We went to the game farm this afternoon and felt nothing but saddened at the conditions that the animals were living in. We felt guilty for having patronized an establishment that keeps animals in such poor conditions. The place looks like it is well past its prime. It is in need of upkeep/updating and the animals are kept in conditions that would have been substandard even a decade ago.
The enclosures/cages are in shabby shape and the animals are not living in any type of habitat that is even remotely close to the conditions that they would live in if they were in the wild.

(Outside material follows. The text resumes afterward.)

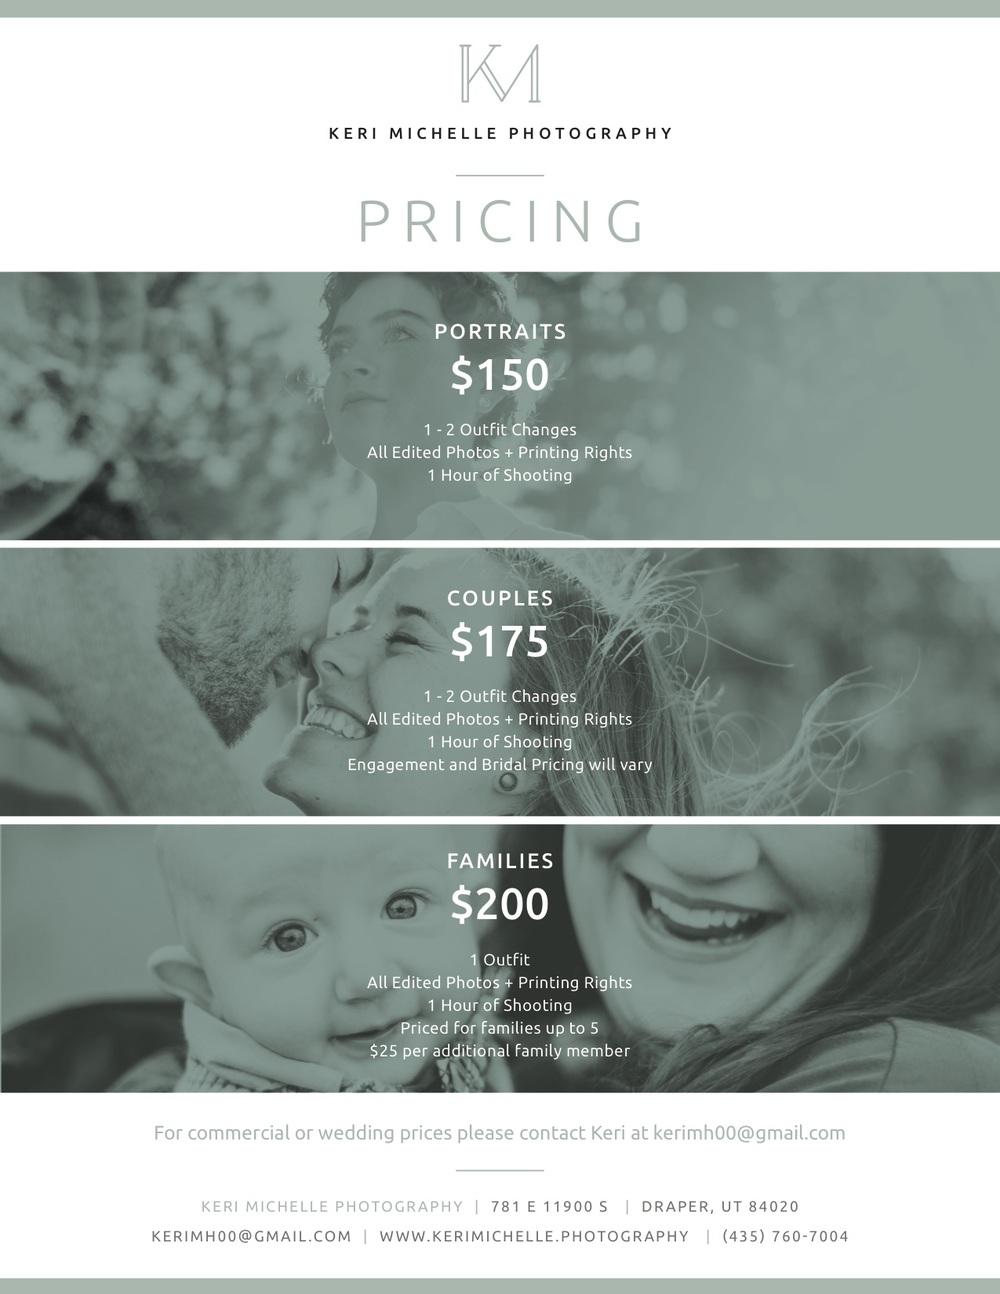 KM-PriceGuide.jpg

While I realize that the animals cannot be released from captivity, the park could adopt a more humane approach to their enclosures/cages and re-fashion them as modern and reputable zoos have done so that the animals live in an environment that bears some resemblance to the animal’s natural habitat. Mind you, I am not against keeping animals in captivity per se, but they should not be kept in enclosures fashioned of concrete pipe, chain link fencing and gravel.
The walking tour was off limits today when we were there, but sadly, we did get a glimpse of a lion lying in a gravel floored cage that appeared much too small for this type of animal. We also saw a lone wolfe enclosed in a similar type of cage. The cages along the walking tour were especially troubling. They were fashioned from concrete, plywood and chain link fencing. They were small and in close proximity to one another. They resembled a shabby dog kennel versus any type of zoo/animal park that would house wild animals. It was troubling to think of Tigers, Lions, and Cougars living in these small cages and we were glad that we were spared seeing them in this deplorable state.

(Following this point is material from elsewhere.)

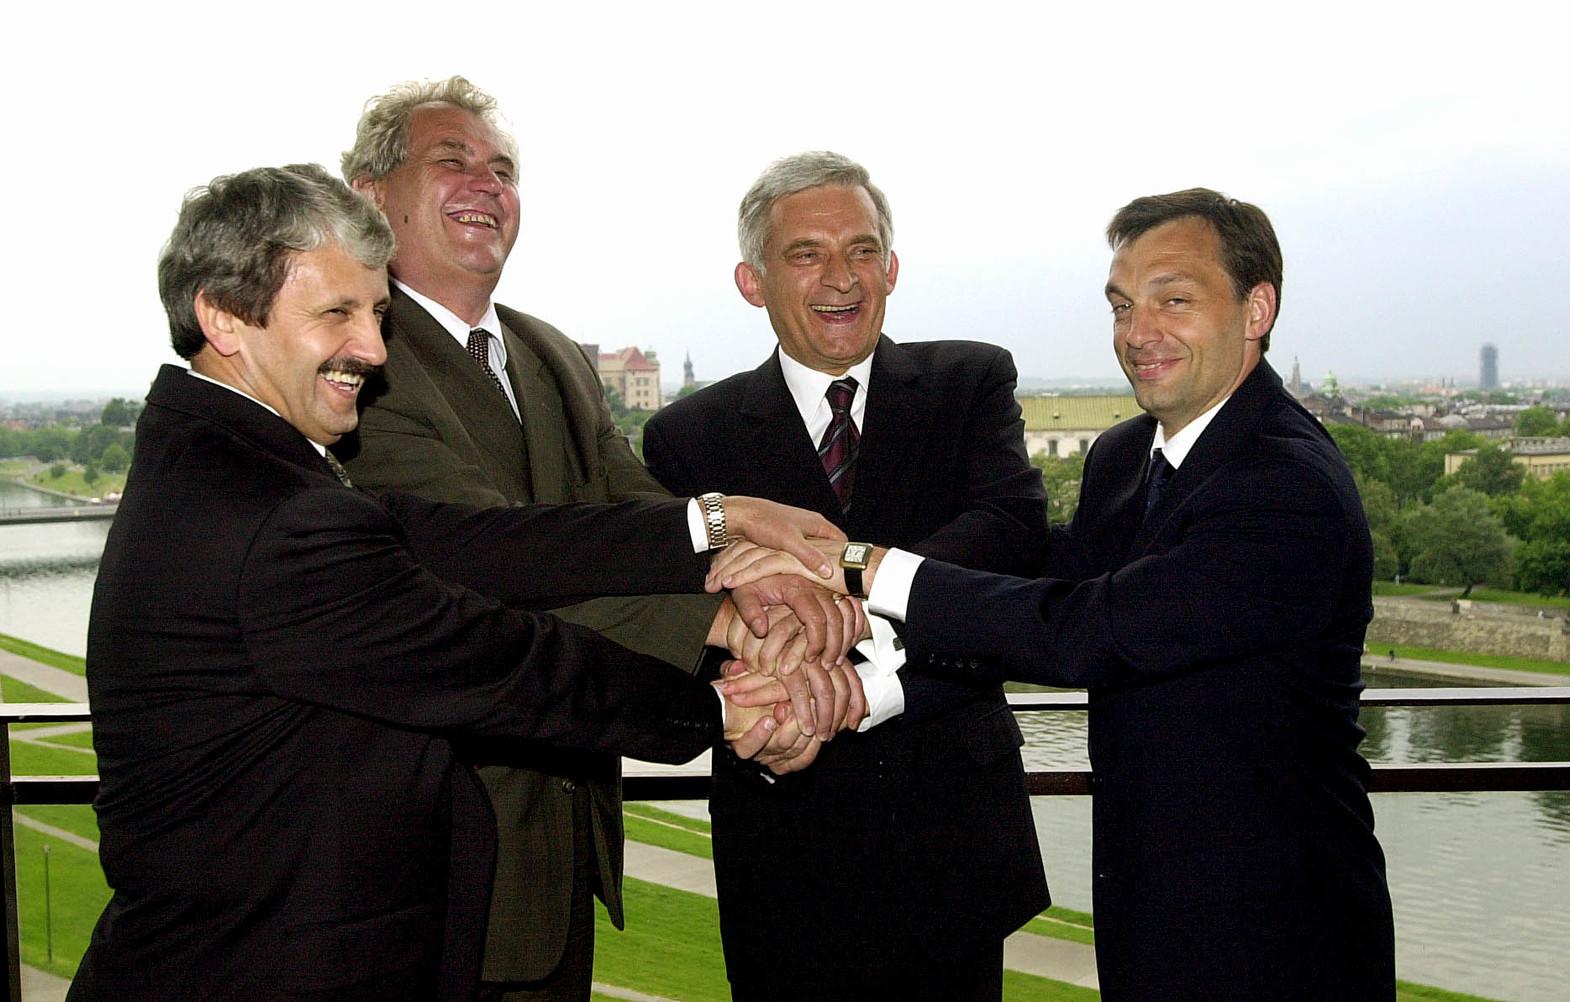 Krakkó, 2001. május 31.  Orbán Viktor miniszterelnök Krakkóba érkezett, ahol részt vesz a Visegrádi Csoportba tartozó négy állam kormányfői találkozóján. A csúcstalálkozó jubileumnak számít, mert tíz évvel ezelőtt, 1991. február 19-én fogadták el akkor még három ország vezetői Visegrádon az együttműködésről szóló megállapodást. A képen: Mikulás Dzurinda szlovák, Milos Zeman cseh, Jerzy Buzek lengyel és Orbán Viktor magyar kormányfő a krakkói királyi várra néző Sofitel Szálloda teraszán. MTI Fotó: Koszticsák Szilárd

While, it is entertaining to feed a yak or a buffalo, I could not help but think that white bread was probably not the healthiest thing to be feeding a wild animal. I was also troubled that the staff did not give any guidelines on feeding the animals as we entered the park and there appeared to be no controls in place to assure that the animals were only being fed foods that would not upset their digestive systems. We did not see a single staff person once we began the driving tour. The only staff that we saw were at the gift shop and taking money at the gate. Nobody was monitoring what was actually being given to the animals and people were allowed to bring in outside food for feeding the animals.
Kids may appreciate seeing the animals because they can overlook their unnatural and shabby surroundings, but adults who have been to professionally run zoos such as the Woodland Park Zoo or the San Diego Zoo will likely be saddened/troubled by the experience. This roadside zoo is much like zoos in third-world countries where animal rights is an unheard of concept.

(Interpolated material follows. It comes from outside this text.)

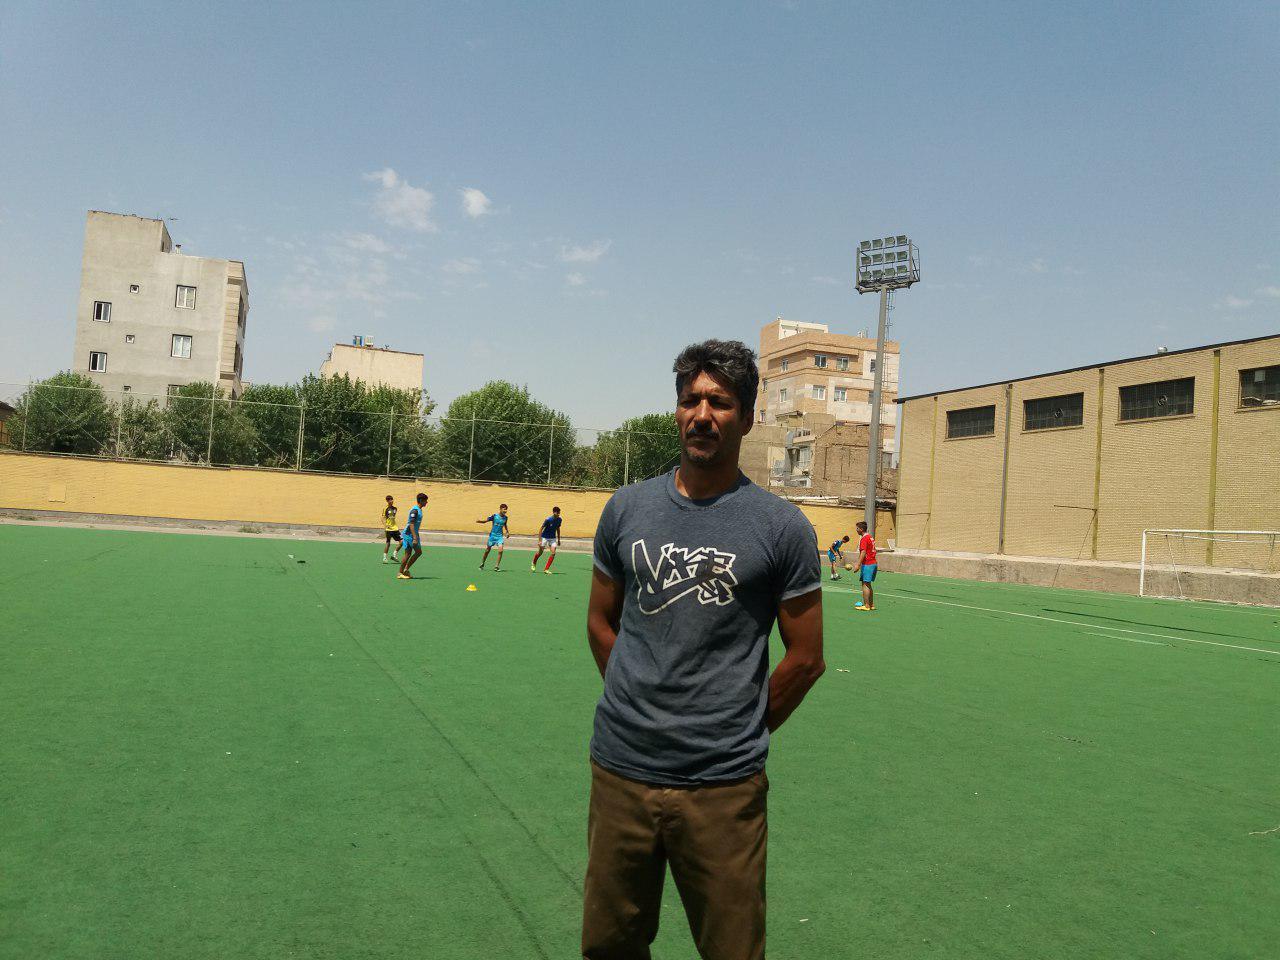 کودکان کار در زمین فوتبال: جنگیدن برای به زندگی

I will not patronize this establishment again and would encourage others who are concerned for the humane treatment of animals in captivity to donate their money to charities that advocate for the humane treatment of animals, rather than to give their money to an establishment that seems to only care about lining their pockets since it is painfully obvious that they haven't invested much of their annual proceeds in upkeep of the farm or to improve the living conditions of the animals who line their pockets with cash.